By Laura Rathbone
I'm absolutely fascinated by the character of Kathy. She is written so carefully to capture her humanity and really confuse the reader. As a healthcare worker, by the end of the book i found myself really relating to this person and I could feel her growing as a person within my minds eye.
Who is she?
Kathy is 31 years old and we learn that she is a carer early on in the novel. This immediately strikes up a maternalistic relationship between the reader and Kathy. As a 2022 society, we tend to feel a certain way about carers and I found myself immediately wanting to like her.
In the beginning, I found her narration a bit annoying, moving between memories, interrupting herself, shifting between perspectives as she describes an event from her perspective and from the perspective of others. At times, I noticed the child-like way that she used language, the he-said she-said of it all, but I later felt that this was part of what made her so human, so relatable.
Kathy has been a carer for a long time, and we learn that she has done it for longer than many of the others in the story, even though she is still quite a young woman. As the story unfolds we realise the reason why and that many of her friends have 'completed' which is a synonym for death in the book although, perhaps the most nightmarish part of the book - is the realisation that completion does not mean death in this world. Simply the end of connection with others. The donor remains conscious as their body continues to be harvested beyond their ability to walk around the earth as 'human'. the flesh-sack that holds us up no longer doing that as organs and tissues are removed to sustain the 'real' humans, more deserving humans.
The word 'completed' has metaphysical and religious overtones suggestive of purity as we are on this journey of understanding and questioning, trying to understand what it is to be a good human perhaps?
The irony within this line of thought is evident as we learn that Kathy, whom we have fallen in love with, whom we will to thrive and and live a long happy life with her love, is in fact, a clone. Her purpose is functional. Much like the animals forced into this world through insemination, leading a life of captivity (be it free range at Hailsham or like stock on a shelf alluded to in the book) only to be terminated/completed when their use to humans requires it.

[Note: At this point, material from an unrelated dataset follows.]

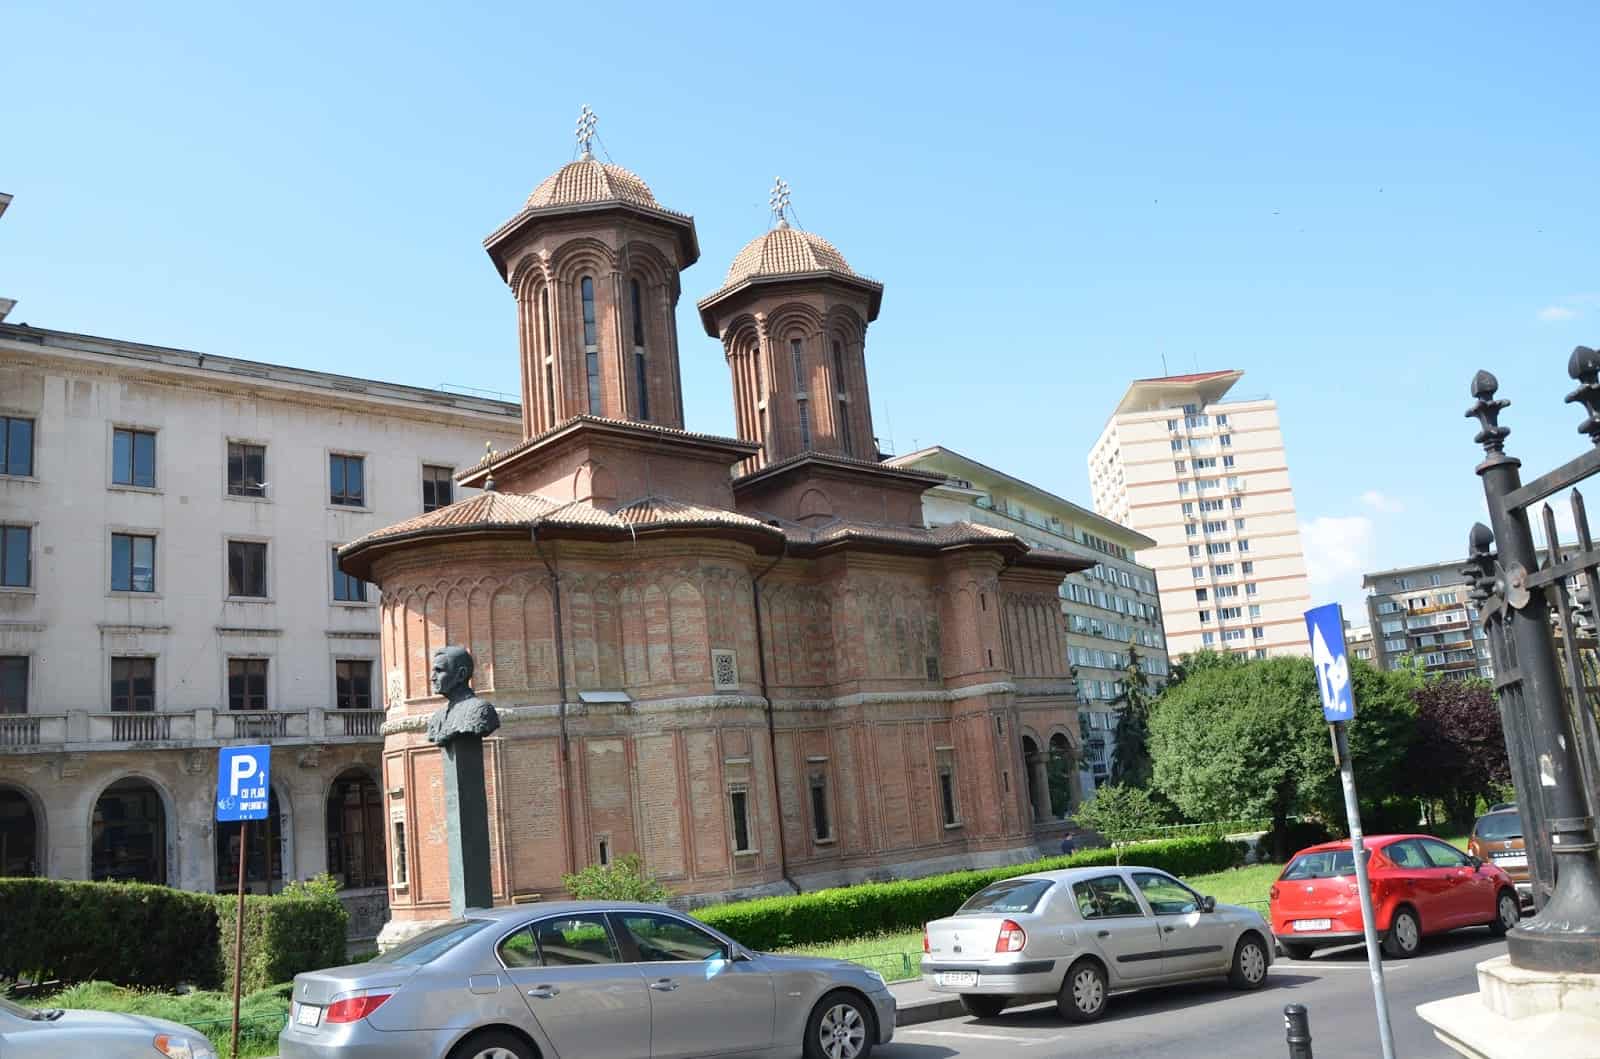 Crețulescu Church in Bucharest, Romania
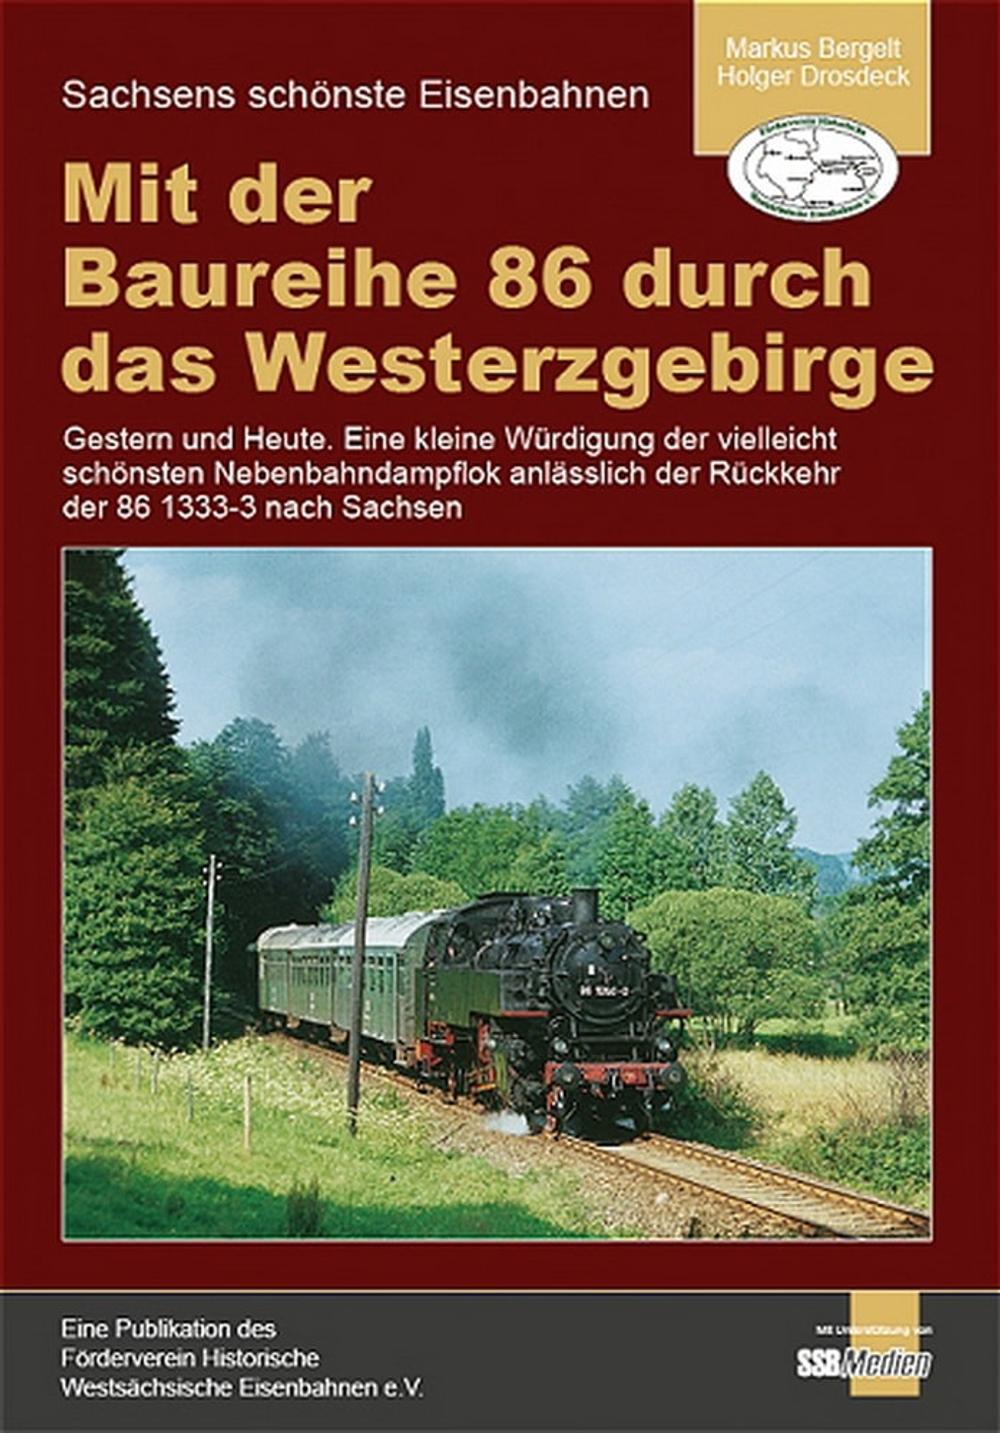 Coverbild „Mit der Baureihe 86 durch das Westerzgebirge“

She develops in our mind as an observer of the world around her, curiously contemplating the actions and behaviours of others whilst standing separate somehow. At times, she struggles to understand the system she's in and the feelings she experiences. The theme of sex, intimacy, passion, lust and love develops and she takes us through the timeline of her development which echoes many of our own. Learning about the cultural norms of partnerships and relationships around us, learning about ourselves in those partnerships, exploring touch, sexual connection and the relief of tension that comes with it, to eventually love with Tommy as he awaits his fourth donation and completes.
She wants us to listen to her story.
Kathy brings us on this journey and gifts us the re-experiencing of childhood and teenage experiences. She wants us to listen to her story. She wants us to understand and talks to us directly, as if she is stood right in front of us, baring her vulnerability, sharing with us her shame, her successes, her deepest intimate secrets.
Kathy asks us to consider our own humanity, and her submission to the system throughout the novel raises our concern for her. I want her to rebel, protest, fight back, free herself. But she doesnt. She just "turn[s] back to the car, to drive off to wherever it was [she] was supposed to be". And thus ends the book.
The cycle continues.
The stock is herded on, to continue the cycle. Only to complete when that remains the final valuable function to be extracted from the "poor creatures" as the humans, the legal owners of what we call humanity, watch on and continue to benefit.
I hope you read this book. Because it speaks to our present in so many ways. I'll write about this in my next blog.